Повыла, погрохала крышкой — и как будто легче.

Циля, когда лежит, такая маленькая кажется, а ведь была большая женщина, выше отца. Теперь только голова, лицо стали большие, угловатые, тяжелые. Что это, кости к старости разрастаются или оттого, что щеки вниз сползли? Вот она черепушку свою лысую прячет под простыней и выглядывает одним глазом, играет с бабой Нелей, кокетничает. Не к добру это, плохой знак. Баба Неля откидывает простыню. Так и есть.

— Да что ж ты не сказала? Сколько можно? Почему не позвала?

— Я звала. — Циля смотрит виновато.

— Где ты звала? «Чаю, чаю», а что нужно, никогда не скажешь. Вставай давай.

Заново прибранная, сухая Циля не хочет больше лежать. И ладно бы, лишний раз подстилку не менять, но она хочет общаться, хочет быть с бабой Нелей в кухне. Двенадцатый час всего, а у бабы Нели уже нет сил.

— Сиди здесь, на тебе гребень, причешись хотя бы.

Циля послушно водит гребнем по остаткам волос, обратной стороной, правда, но пусть. Шепчет просительно:

— А чай совсем остыл, Нелечка…

Пока возилась с Цилей, суп выкипел, залил газовую конфорку. Жаль, что скоро заметила, — как раз бы один конец. Баба Неля принюхалась — совсем не страшно пахнет, здесь и газ не такой, едва-едва приванивает. Интересно, а действие свое оказывает или слаб?

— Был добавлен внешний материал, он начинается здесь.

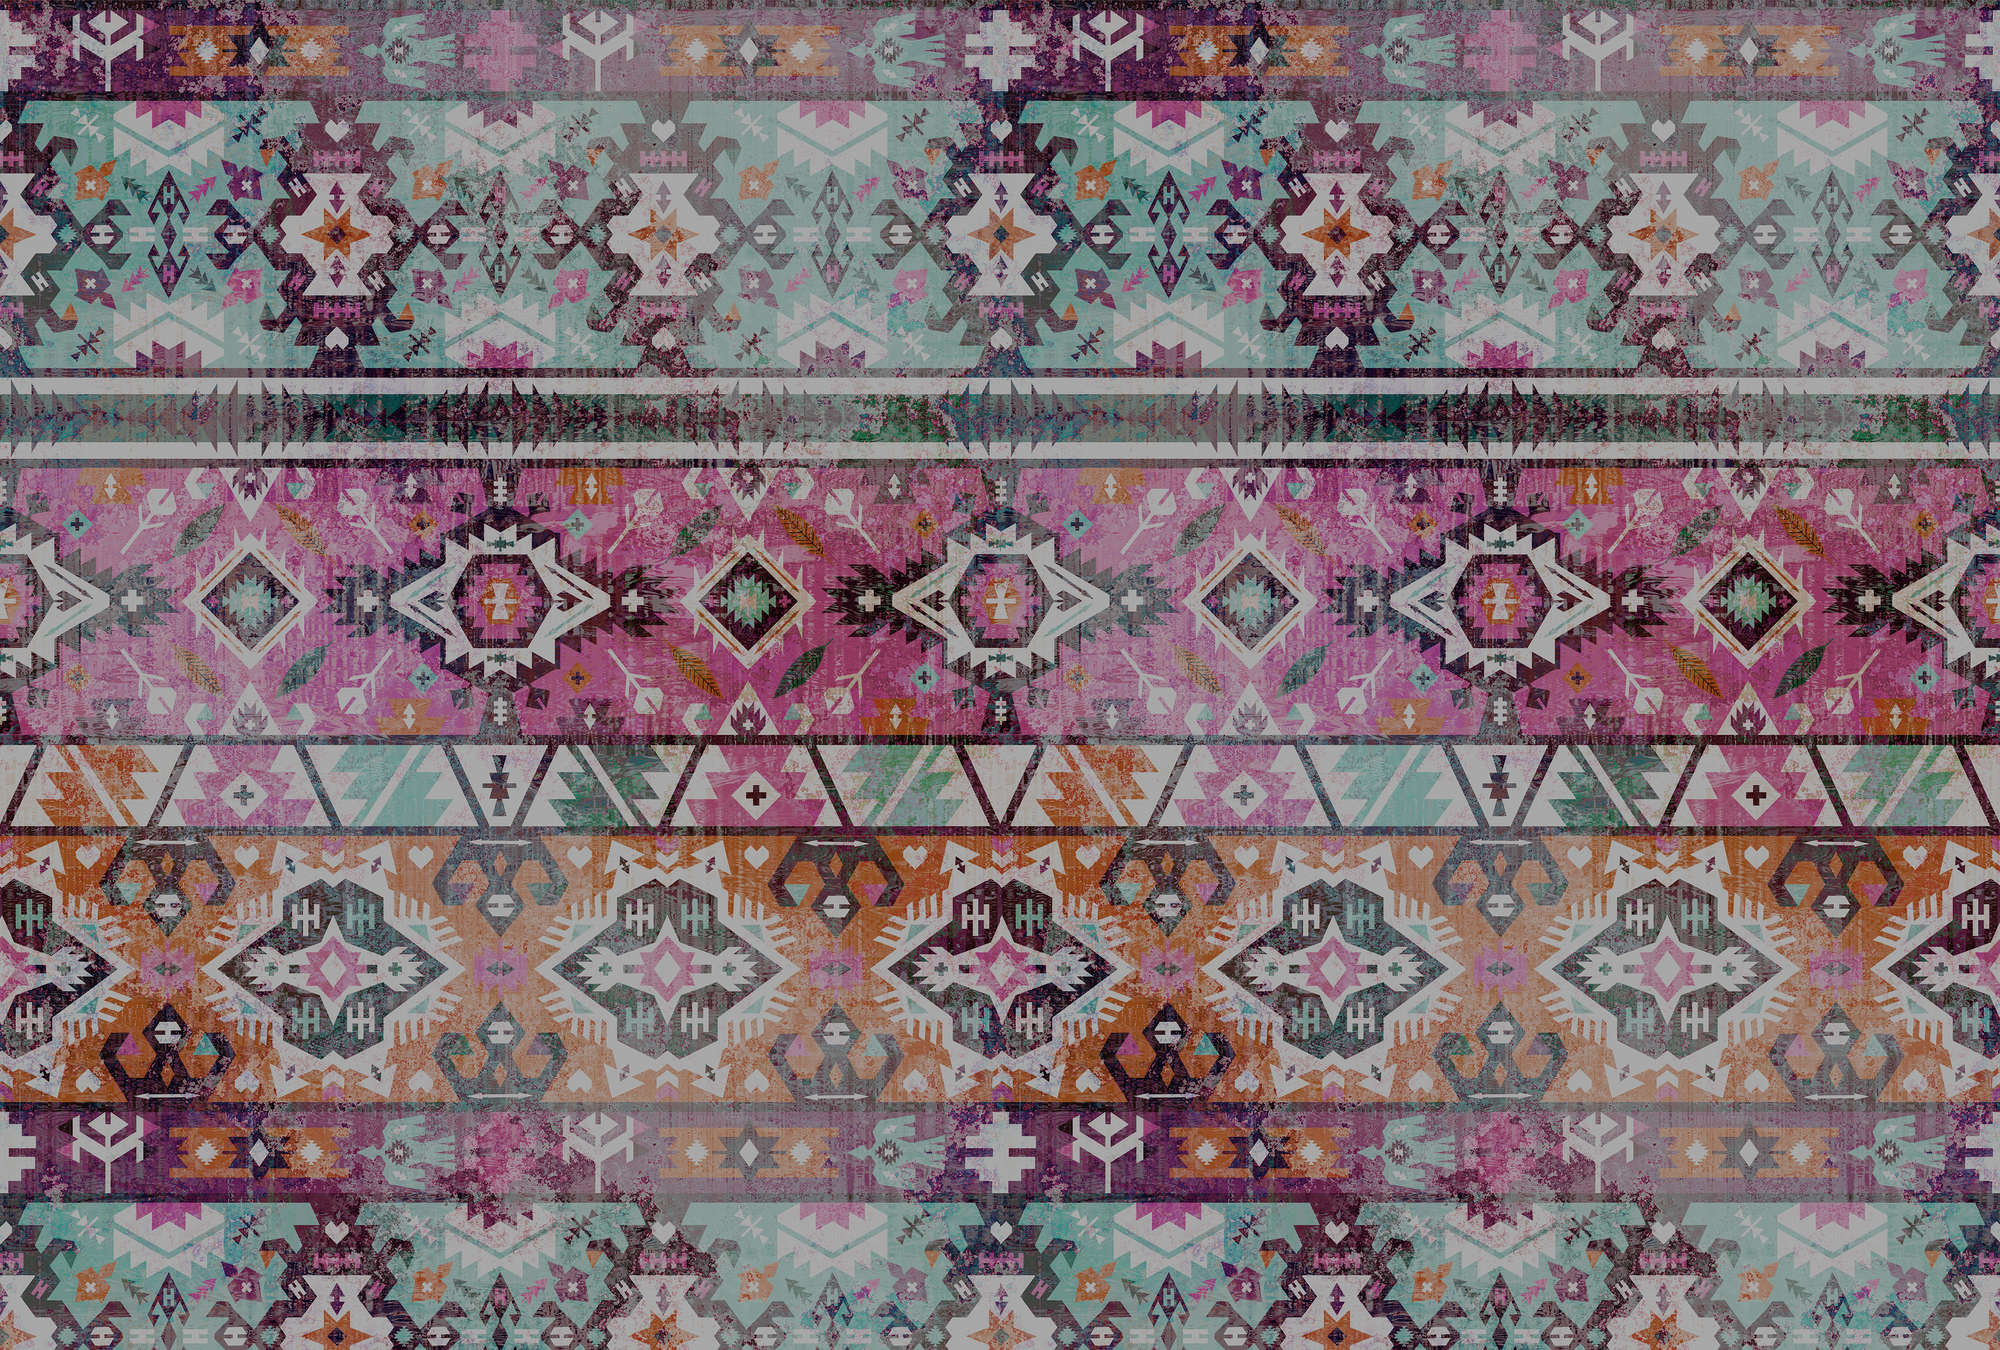             Photo wallpaper ethnic textile pattern, geometric - pink, blue
        
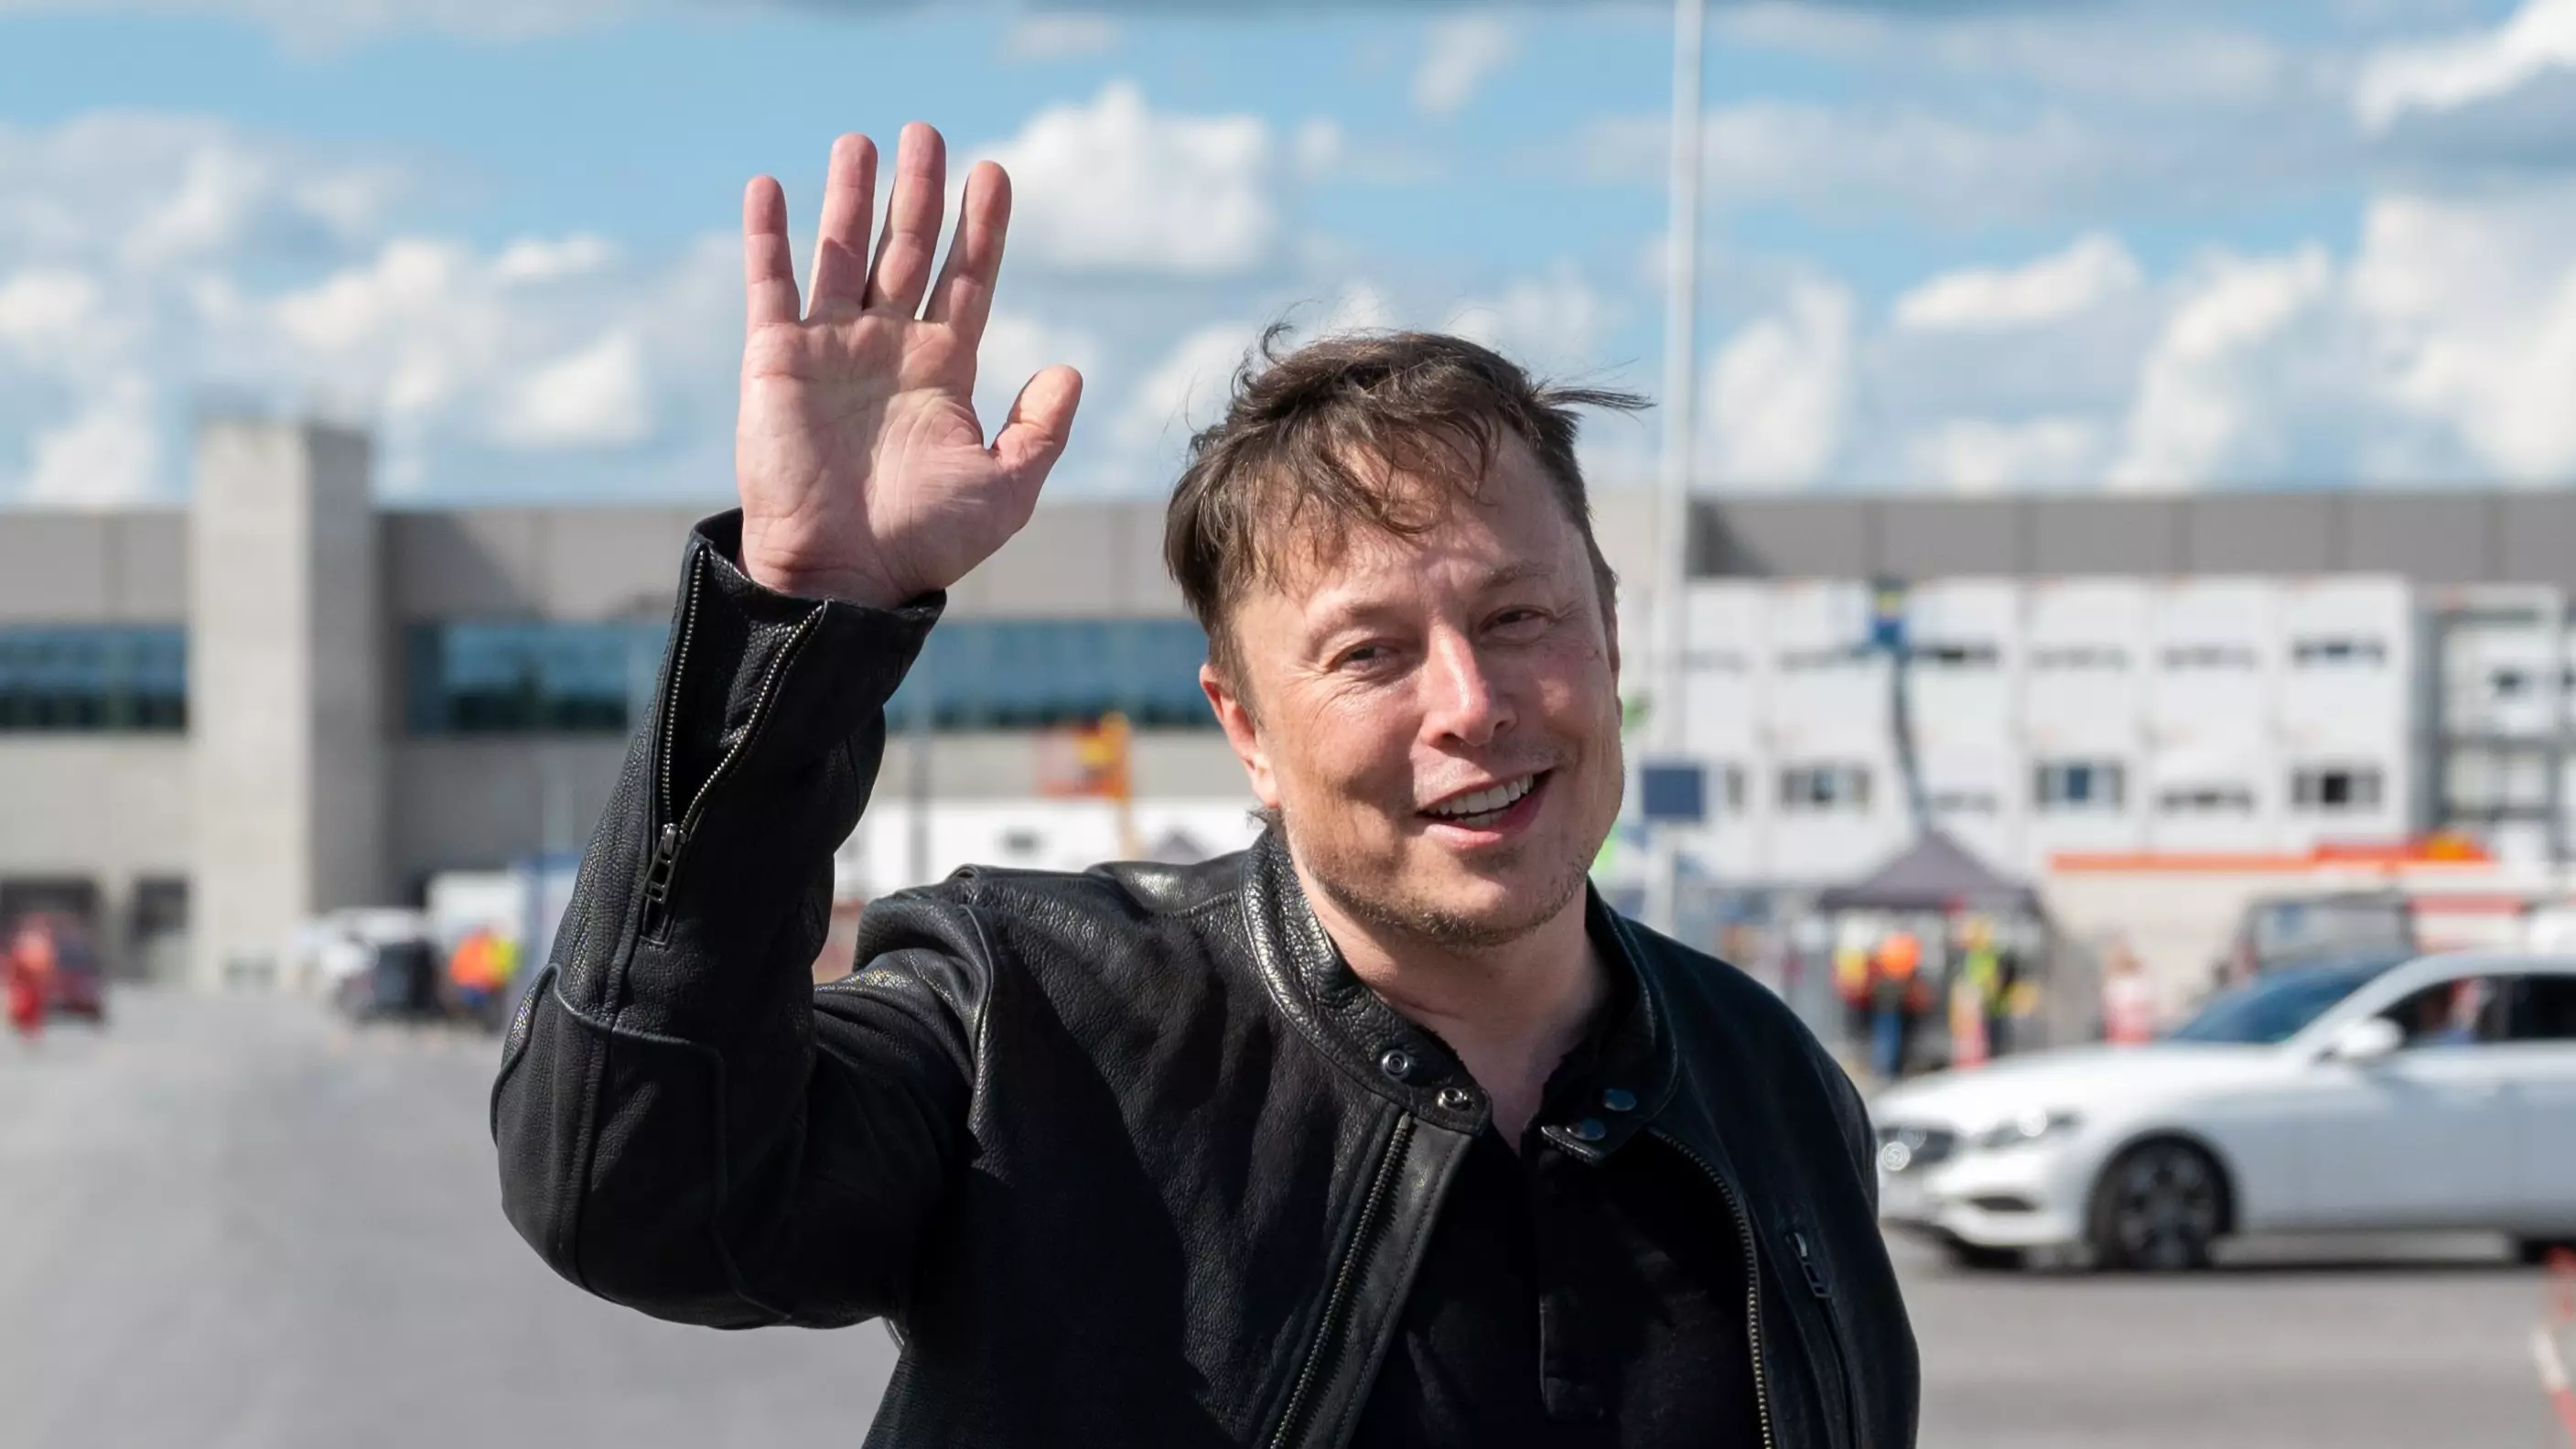 C*mRocket Cryptocurrency Surges After Elon Musk Tweet

Отнесла Циле подогретого чаю. Циля тем временем прихорошилась, заправила ночную рубаху в трусы, на голову напялила Юлькину скаутскую пилотку, и откуда она ее вытащила? Сидит на кровати, сложив на коленях деревянные руки, поднимает на бабу Нелю спокойные, глухие глаза, говорит разумно и настойчиво:

— Мир фурн![3]

— На, горячий.

— Мир фурн, майн кинд![4]

— Не пролей смотри.

— Мир фурн!

— Ладно, ладно, пей. А я тебя спросить хочу.

— Спроси, — так же разумно отвечает Циля, держа обеими руками обжигающий стакан.

— Тебе, Циля, как жить? Совсем нестерпимо или ничего еще?

Циля не отвечает, глотает чай, жмурится.

— Вот я бы, например, умереть хотела. Никакого мне интереса жить. А тебе как?

— Мне интерес, — твердо отвечает Циля.

— Какой, скажи?

— Жить интерес.

— Какой, какой, скажи!

Циля растягивает рот в обиженной гримасе, изо рта капает чай. Баба Неля вытирает ей кухонным полотенцем подбородок, Циля мотает головой, плаксиво гудит сквозь полотенце:

— Ма-мочка, ну чего ты…

— Да не мамочка я тебе, Циля, сколько говорено, это ты моя мамочка маразменная. Так не скажешь? Какой тебе в жизни интерес?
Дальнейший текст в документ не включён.